Di(2-ethylhexyl) phthalate (DEHP) is an artificial persistent organic pollutant (POP) capable of inducing ferroptosis-like injury. API can activate GPX4, inhibit intracellular iron accumulation, and exert a protective role against DEHP-induced ferroptosis (Han et al., 2022). The potential role of apigenin in regulating ferroptosis has been established in other pathological studies. For instance, API can activate the expression of Nrf2, promote the elevation of intracellular glutathione (GSH) level and scavenge it after binding to ROS, inhibiting the occurrence of lipid peroxidation during ferroptosis. Meanwhile, a high concentration of GSH helps maintain the activity of GPX4, which is capable of reducing lipid peroxides to harmless lipols, further preventing the development of ferroptosis (Zhang et al., 2020; Zhao et al., 2020; Chen et al., 2024). It has also been shown that API can downregulate the oxidative stress gene ATF3 and upregulate GPX4 in non-obese diabetic (NOD) mice, inhibiting ferroptosis in salivary gland epithelial cells (SGECs) (Liu et al., 2024). This suggests that in OP, API may slow down the degradation of bone matrix and the decrease in bone mineral density (BMD) by inhibiting ferroptosis.

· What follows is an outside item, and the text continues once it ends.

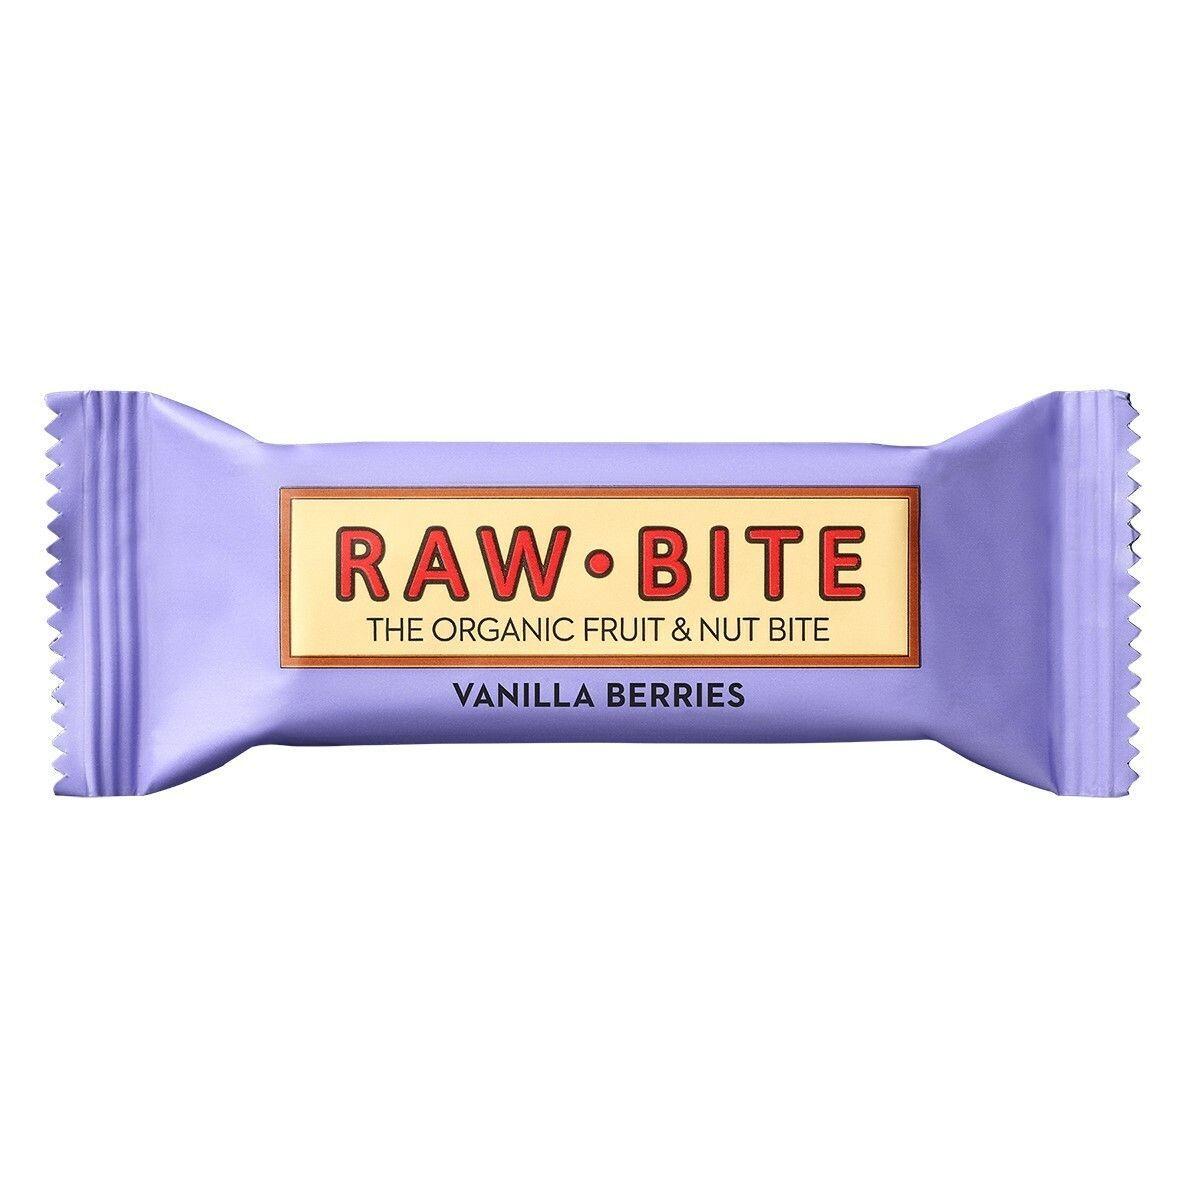 RAW BITE Bio Barres Baies de vanille g Barre

5 Advantages of apigenin in the treatment of osteoporosis
5.1 Natural sources with fewer side effects
API is a naturally occurring flavonoid found in fruits and vegetables, exhibiting low toxicity and minimal side effects. In comparison to common therapeutic agents such as bisphosphonates (BPS) (Ng et al., 2004), it can inhibit osteoclast activity and is well tolerated. However, BPS can induce osteonecrosis of the jaw, aseptic inflammatory responses, and increase leukocyte-endothelial cell interactions, leading to the development of secondary infections and impaired healing (Ting et al., 2007). Denosumab has been demonstrated to increase BMD and reduce fracture risk in patients with OP, but there is a rapid rebound of the bone resorption effects after discontinuing the drug (Zhou et al., 2022; Alfaleh et al., 2022). Tetracyclines (TCs) are clinical broad-spectrum antibiotics that can be deposited in bone tissue and bind to calcium ions in the main components of bone. Due to their excellent osteotropic properties, they are utilized as a targeting moiety of bone tissue for drug delivery to the target site to achieve targeted therapy (Seydi et al., 2016a). It has been found (Hicks et al., 2017) that TCs cause tooth staining and lead to enamel hypoplasia during calcification. Additionally, calcium and vitamin D supplementation are routinely paired for the treatment of OP, but calcium supplementation alone cannot compensate for renal calcium loss, and the increased circulating calcium load may lead to additional bone deposition (de Campos et al., 2023). Hormone replacement therapy is an effective treatment for postmenopausal OP. Although it is effective in improving bone density, long-term use of estrogenic medications induces the development of hypertension and edema, as well as increasing the risk of breast cancer, endometrial cancer, and blood clots (Vigneswaran and Hamoda, 2022). In contrast, apigenin, as a plant extract with estrogen-like effects, can reduce drug dependence and hormone-related risks, presenting itself as a safer alternative choice.
5.2 Multi-target mechanisms of action
As a natural flavonoid, API exhibits a multilevel and multi-target mechanism of action in osteoporosis treatment, with significant potential for preclinical application.API significantly promotes the differentiation of hBMSCs to osteoblasts and enhances their osteogenic capacity through the activation of key osteogenic signalling pathways (e.g., JNK and p3 8 MAPK) and the upregulation of expression of osteogenic genes Runx2 and OPN . In addition, API also plays an important role in inhibiting osteoclast-mediated bone resorption by interfering with the activities of NF- κ B and RANKL/RANK/OPG signalling axes, reducing osteoclast generation and maturation, thus effectively preventing bone loss.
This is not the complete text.